For visitors tempted to fact check that superlative, a quick search on Google seems to verify the claim. What’s known as a featured snippet appears at the top of the page, summarizing results from a June 2022 study in the American Journal of Science, followed by links dominated by news stories about the paper’s findings.
But ask an archaeologist, and they’ll probably tell you the answer is not so simple.
For months, the straightforward way in which Google has answered this query has deepened a rift in an academic field that already had an uneasy relationship with definitive claims.

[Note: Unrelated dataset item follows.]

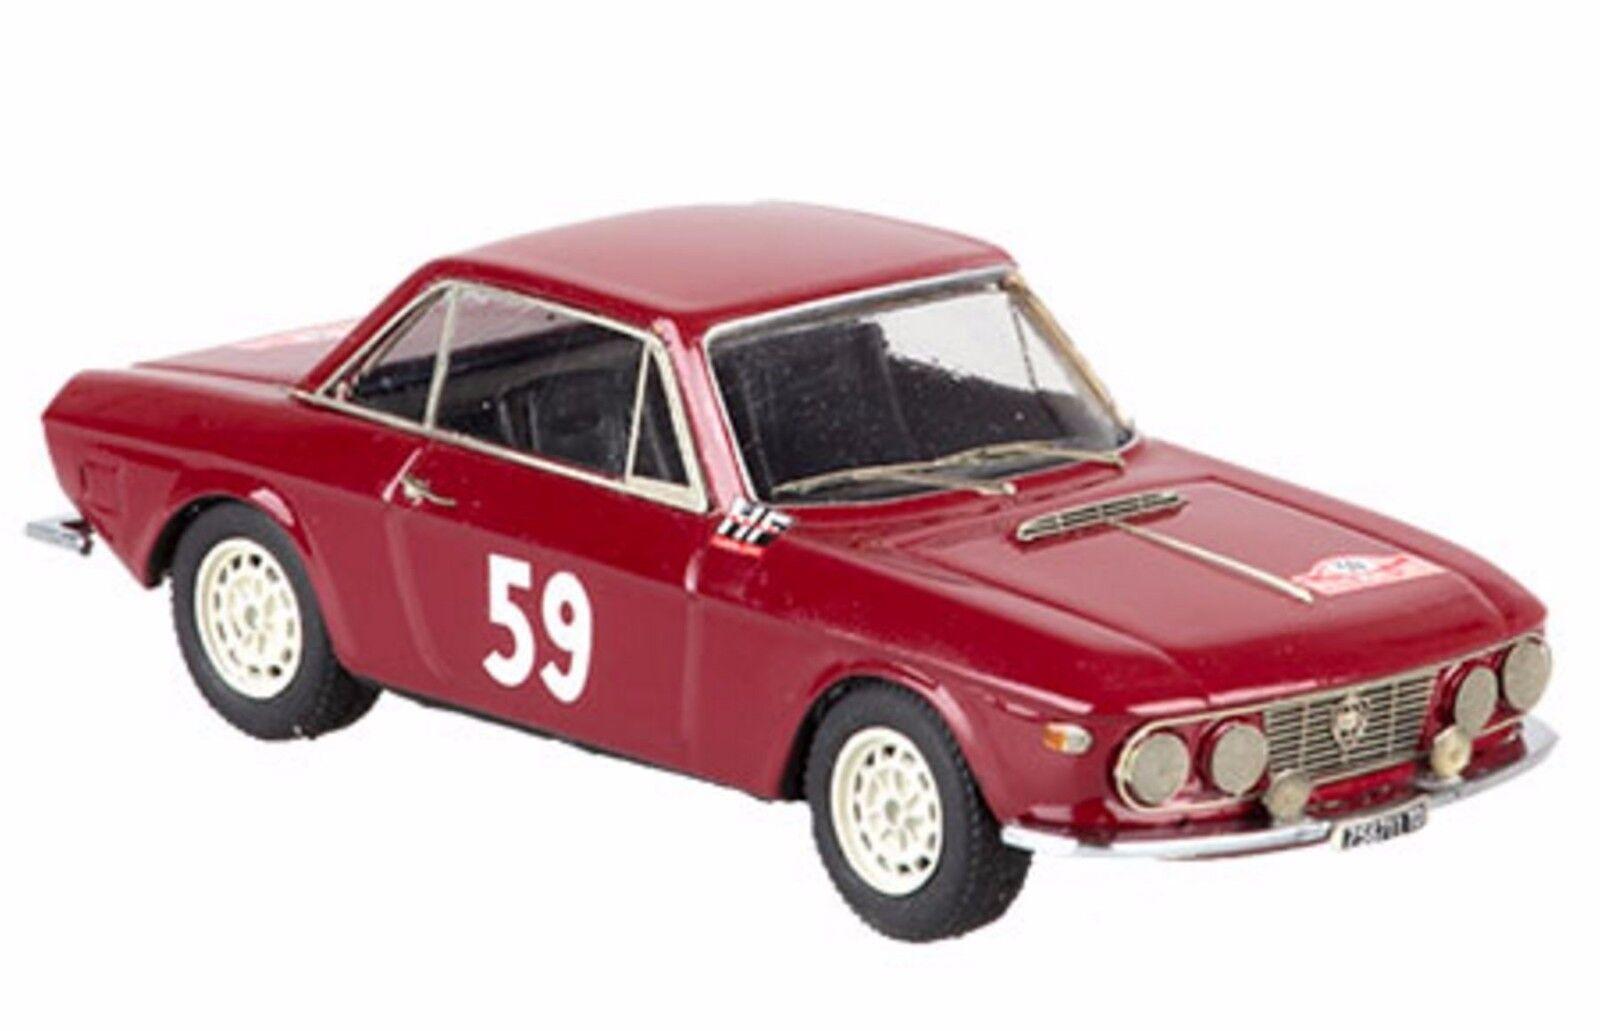 Kit Lancia Fulvia Coupè  59 Rally Montecarlo 1966 - Emmebi Modells kit 1 43

For professional archaeologists, the burden of proof for a major discovery is staggeringly high, in part because of the difficulty in interpreting artifacts that have been weathered, broken apart and scattered over the centuries.
A Google spokesperson explained that snippets pull information from high-quality sources, and in the case of the LSU mounds, the featured snippet points to a news article from an established source that highlights the scientific study. What’s missing from the snippet is that several archaeologists have questioned the study’s interpretations.

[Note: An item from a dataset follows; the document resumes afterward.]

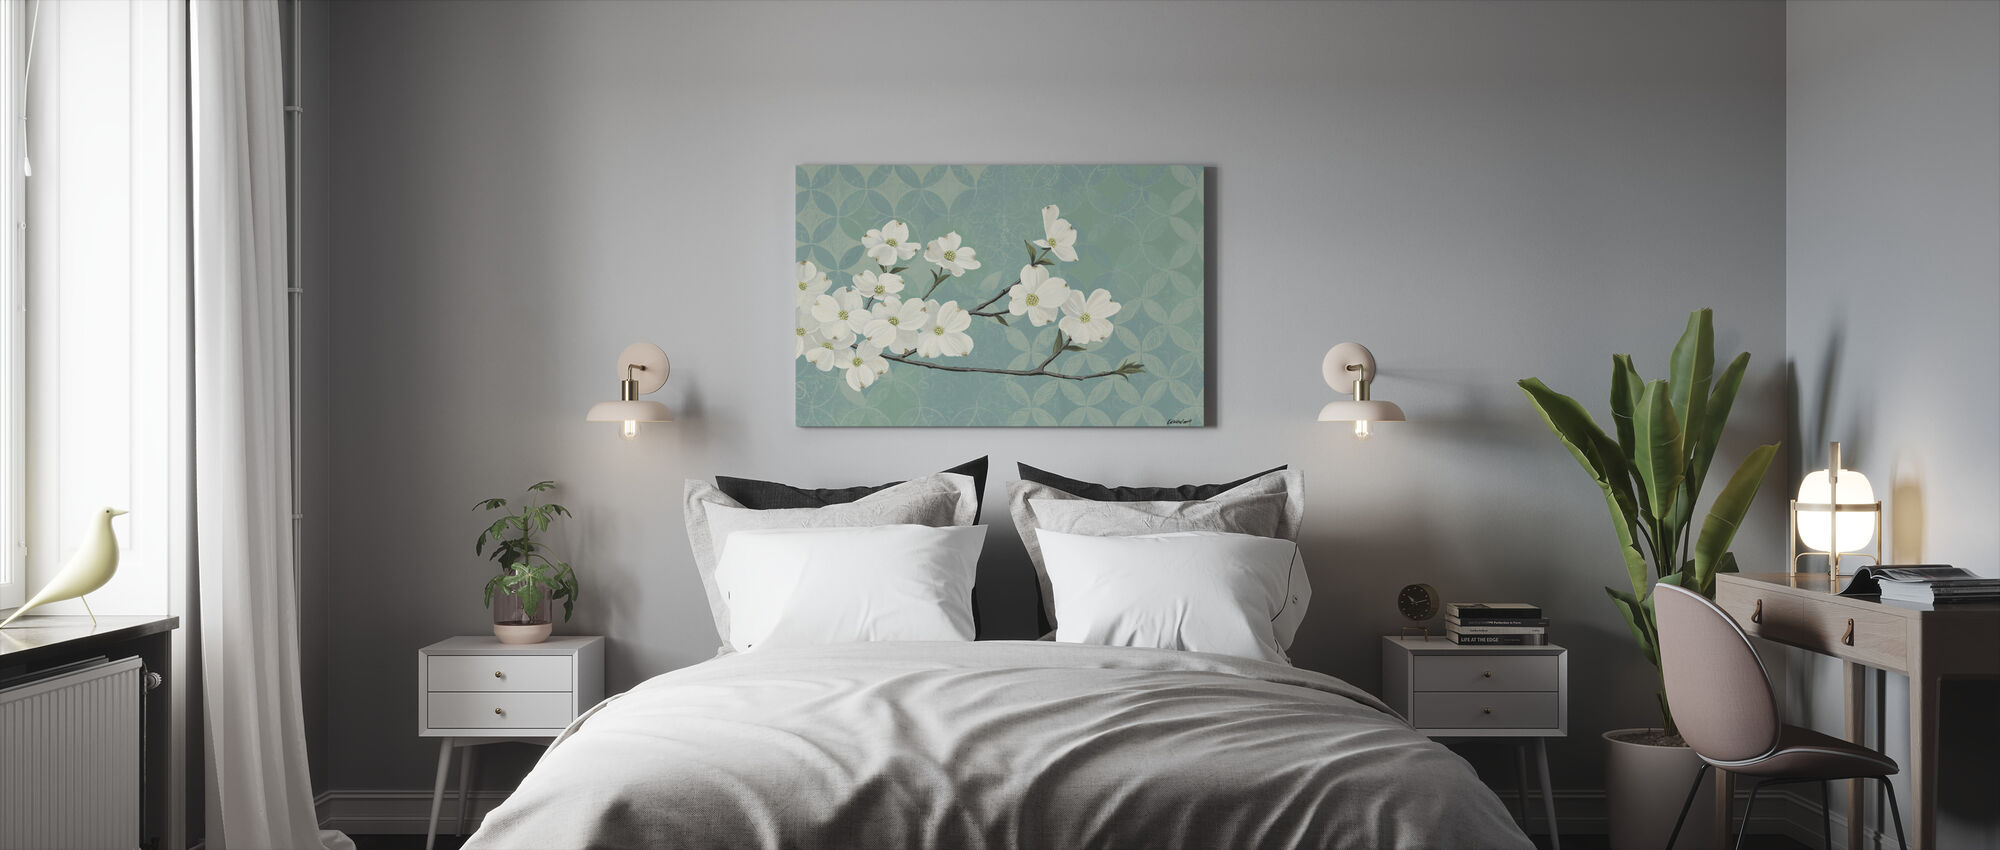 Dogwood Blossoms - Canvas print - Bedroom

The ongoing, if mostly unseen, debate is the latest chapter in the story of North America’s earthen mounds, which offers a cautionary tale about the historical challenges of walking back established narratives. It’s also a case study of the process by which scientific discoveries — confirmed or not — become popularly accepted as fact in the modern era of rapid communication dominated by search algorithms and a superabundance of information, not all of which is reliable and complete.
An enduring mystery
Around the same time that the ink was drying on the U.S. Constitution, settlers moving west into the Ohio and Mississippi valleys were encountering curious aspects of the landscape: mounds, platforms and embankments that had been clearly sculpted by human hands. Although such structures had been documented centuries before — notably by Hernando de Soto in the mid-1500s — reports of enormous earthen works on the western frontier captivated the public imagination.